Für Angehörige
Schlaganfall-Patienten brauchen oft Pflege
Bei Freunden und Angehörigen eines Schlaganfall-Patienten sitzt der Schock meist tief. Ein Schlaganfall kommt plötzlich, verändert das Leben von einem Tag auf den anderen. Geht der Gehirnschlag glimpflich aus, bleibt es bei Sprach- und Bewegungsstörungen. In schweren Krankheitsverläufen wird der geliebte Mensch pflegebedürftig. Drei von vier Schlaganfall-Patienten tragen dieses Los.
Einige Patienten haben Glück: Bei leichten Schlaganfällen können sich die Beschwerden rasch, oft innerhalb weniger Tage, zurückbilden. Für sie ist es wichtig, sich gegen einen erneuten Schlaganfall zu schützen. Ist der Schlaganfall schwerer und sind große Gebiete des Gehirns betroffen, wird der Betroffene pflegebedürftig. Dies betrifft 70 Prozent der Schlaganfall-Patienten. Sie bleiben auch nach einer umfassenden Akuttherapie und Anschluss-Heilbehandlung in ihren Grundbedürfnissen auf andere angewiesen.
Pflegekräfte, Geld und Selbsthilfe: Wer zu Hause pflegt, braucht Unterstützung
Besteht bei einem Schlaganfall-Patienten Pflegebedürftigkeit, stellt sich für Angehörige und den Patienten die Frage, ob ein Pflegeheim notwendig oder auch häusliche Pflege möglich ist. Wichtig ist, dass die Entscheidung von beiden Seiten getragen wird - vom Patienten und von den Angehörigen. Häusliche Versorgung ist nicht in jedem Fall die bessere Lösung: Es gibt Patienten, die es nicht ertragen, ihren Angehörigen zur Last zu fallen. Für viele Angehörige hingegen bedeutet die Pflege des Patienten daheim eine seelische und körperliche Belastung, die sie nicht bewältigen können. Oft sind auch räumliche oder finanzielle Voraussetzungen nicht gegeben.
Entscheiden sich ein Schlaganfall-Patient und seine Angehörigen dafür, dass der Patient zu Hause gepflegt wird, sind umfangreiche Maßnahmen und Hilfen notwendig: Umgestaltung der Wohnräume, technische Hilfsmittel für den Alltag und natürlich die finanzielle Unterstützung durch die Pflegeversicherung.

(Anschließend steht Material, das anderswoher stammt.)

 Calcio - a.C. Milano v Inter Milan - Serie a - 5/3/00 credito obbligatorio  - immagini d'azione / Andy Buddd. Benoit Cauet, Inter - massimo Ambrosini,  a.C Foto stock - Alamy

In den meisten Fällen ist es zudem unerlässlich, sich von ambulanten Pflegediensten unterstützen zu lassen. Dabei übernehmen Schwestern und Pfleger nicht nur einen Teil der Pflegearbeit, sie unterstützen die Familie auch mit vielen hilfreichen Tipps.

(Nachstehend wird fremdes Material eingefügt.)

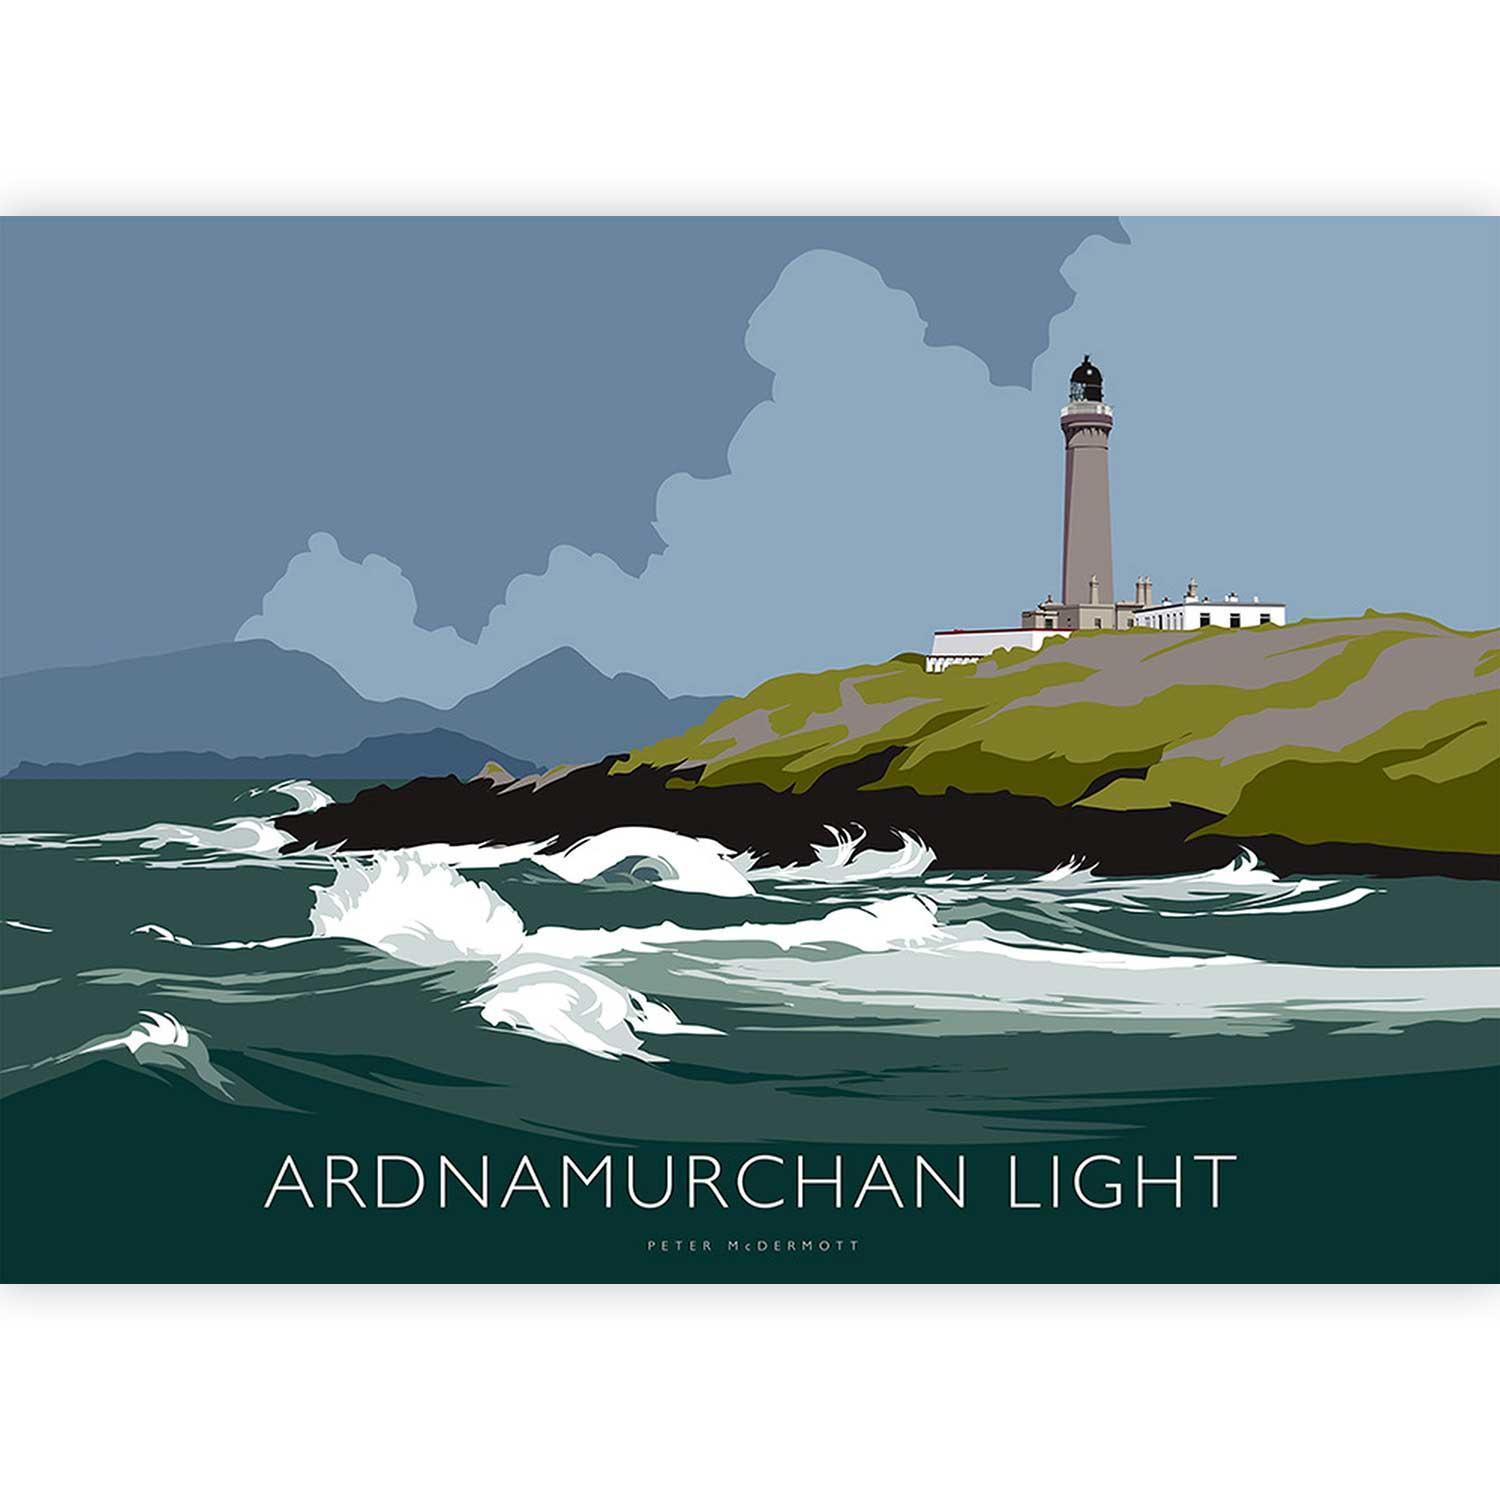 Ardnamurchan Light by Peter McDermott

Der Einsatz eines ambulanten Pflegedienstes muss bei der Krankenkasse beantragt werden. Ob er gewährt wird, entscheidet die Kasse anhand eines ärztlichen Gutachtens. Die Wahl des Pflegedienstes ist dem Patienten und seinen Angehörigen überlassen. Ansprechpartner für ambulante Pflege sind Sozialstationen von kirchlichen Verbänden wie Caritas und Diakonie, aber auch private Pflegedienste. Bei privaten Anbietern sollte man allerdings auf die Qualifikation der Mitarbeiter und die Qualität der Leistungen achten.

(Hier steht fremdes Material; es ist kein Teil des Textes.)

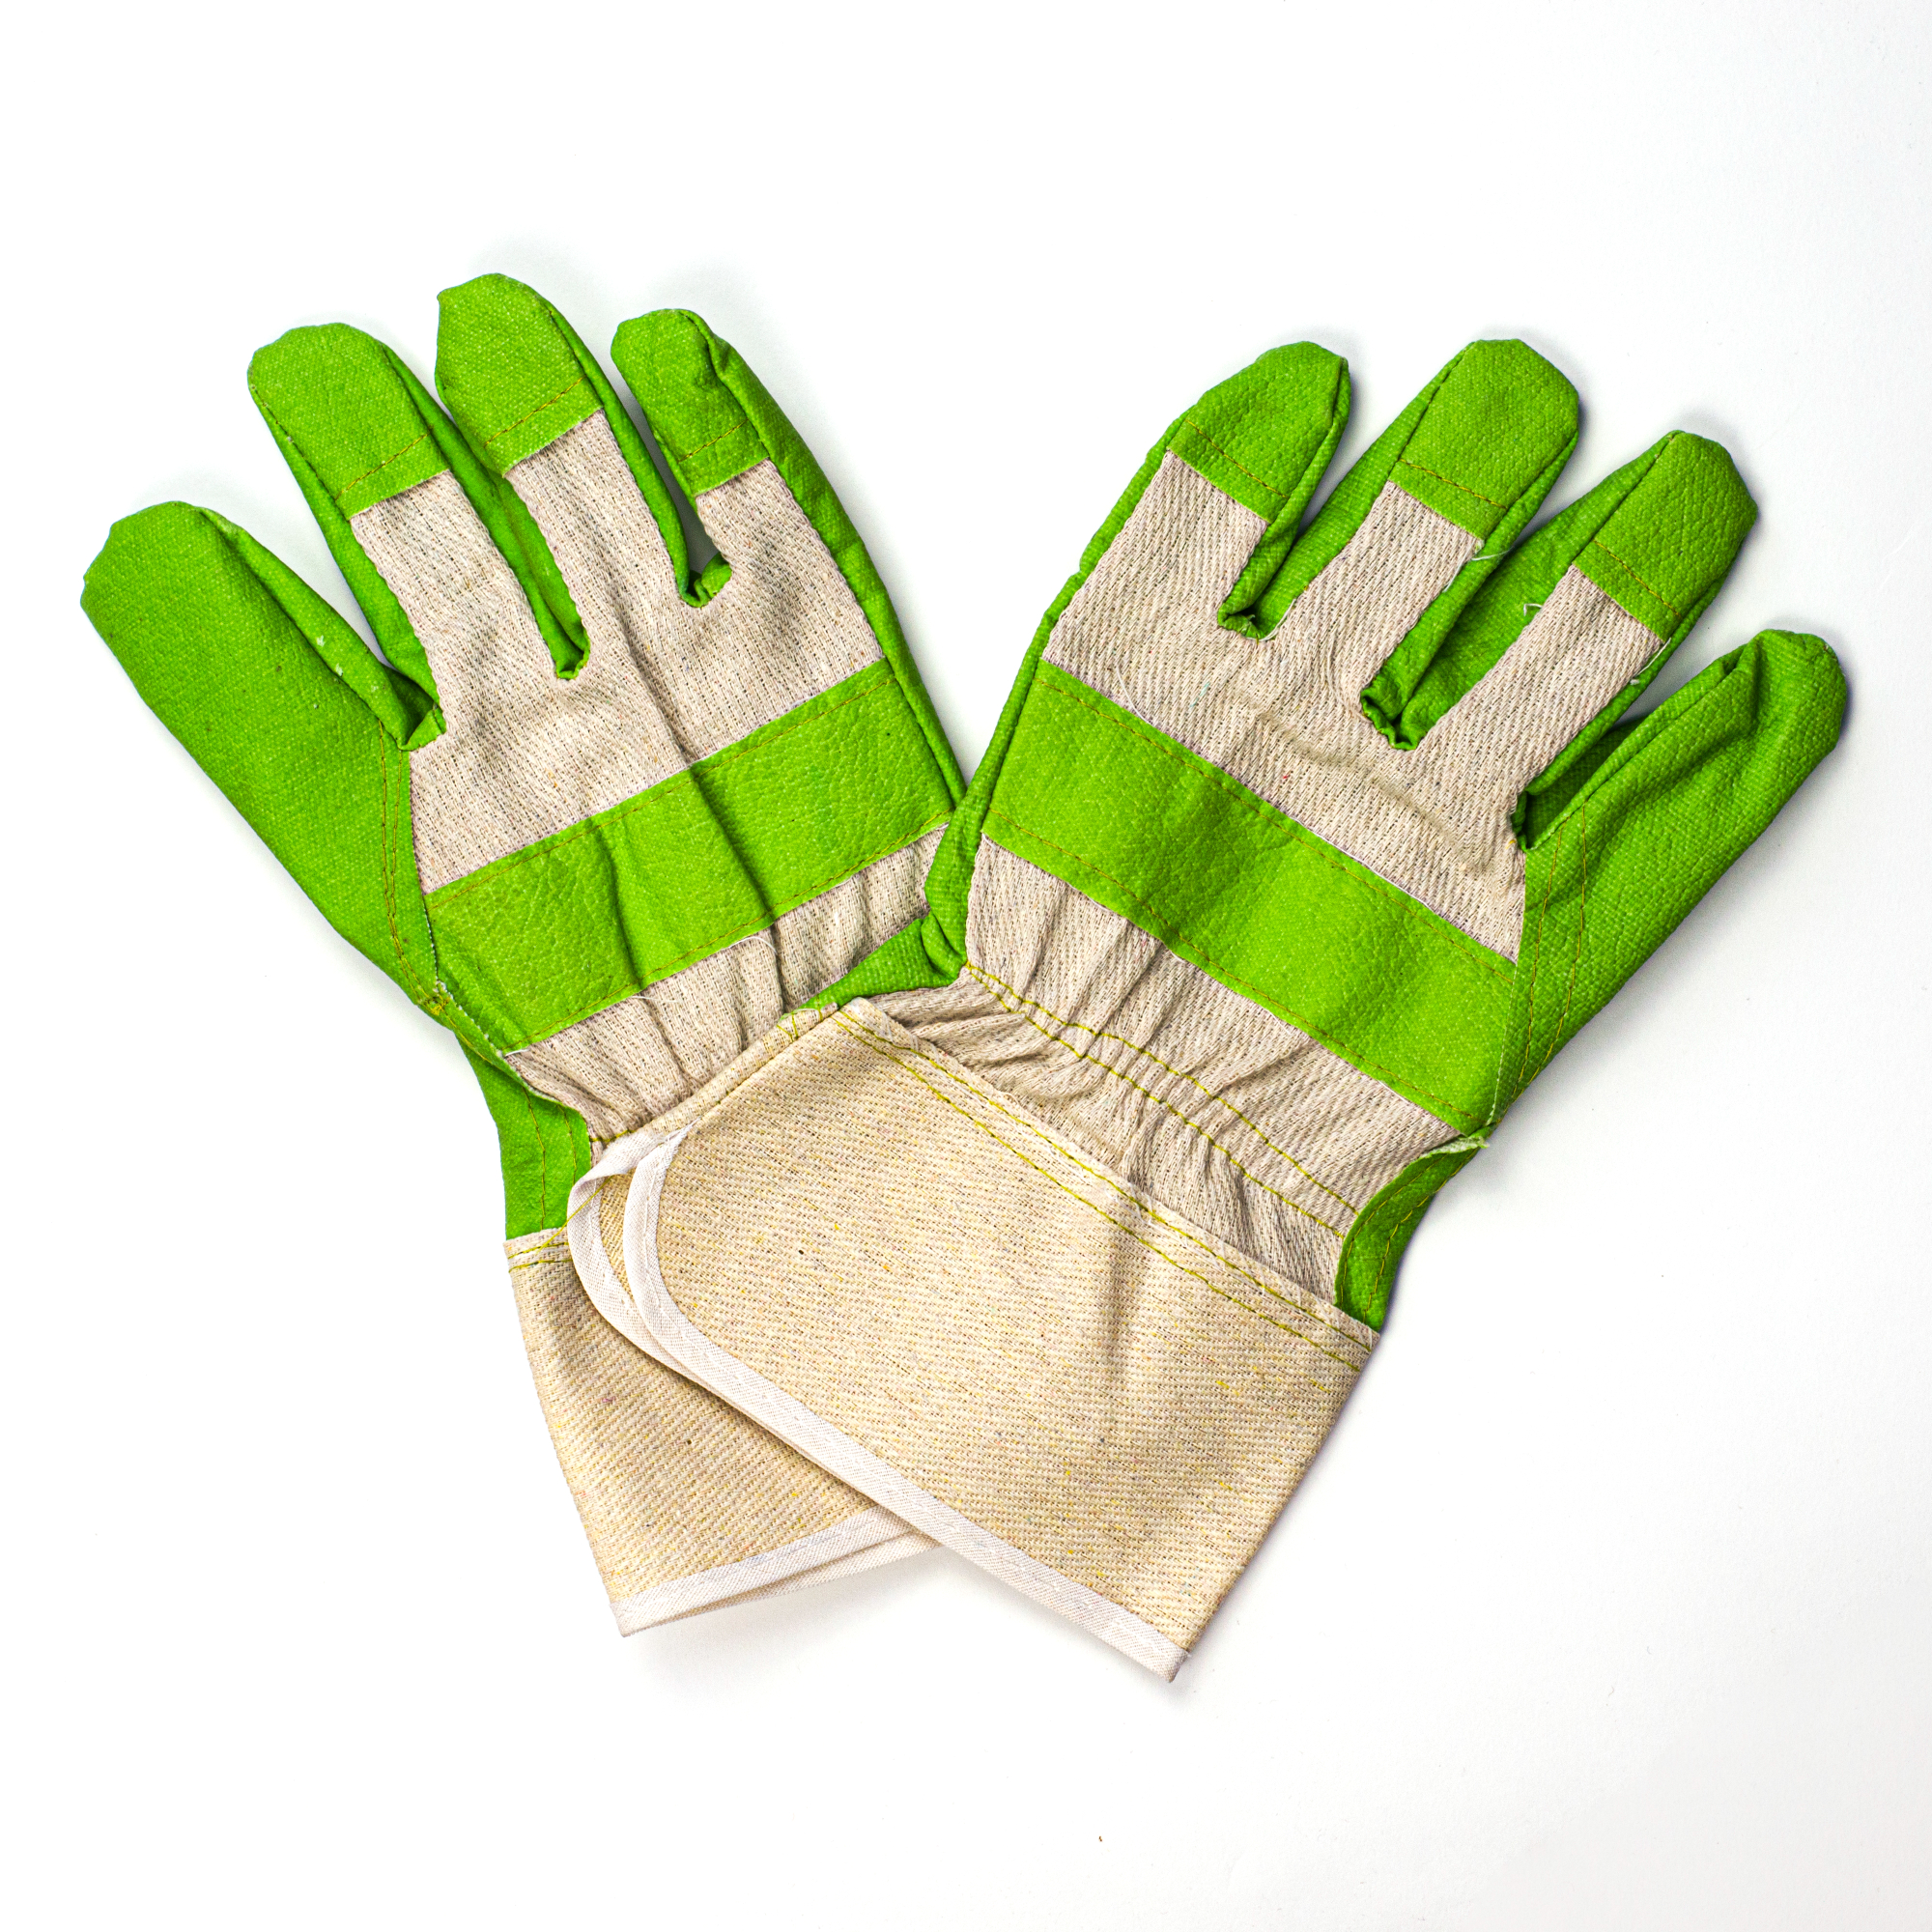 Zaščitne rokavice so bistvene za zagotavljanje varnosti pri delu

Neben Selbsthilfegruppen für Schlaganfall-Patienten gibt es auch Gruppen, in denen sich Angehörige von Schlaganfall-Patienten zusammengeschlossen haben. Viele Angehörige berichten, dass das Gespräch in der Gruppe Mut macht: Zu sehen und zu hören, wie andere Angehörige den Alltag in den Griff bekommen, gibt Zuversicht und Hoffnung, dass man es schaffen kann.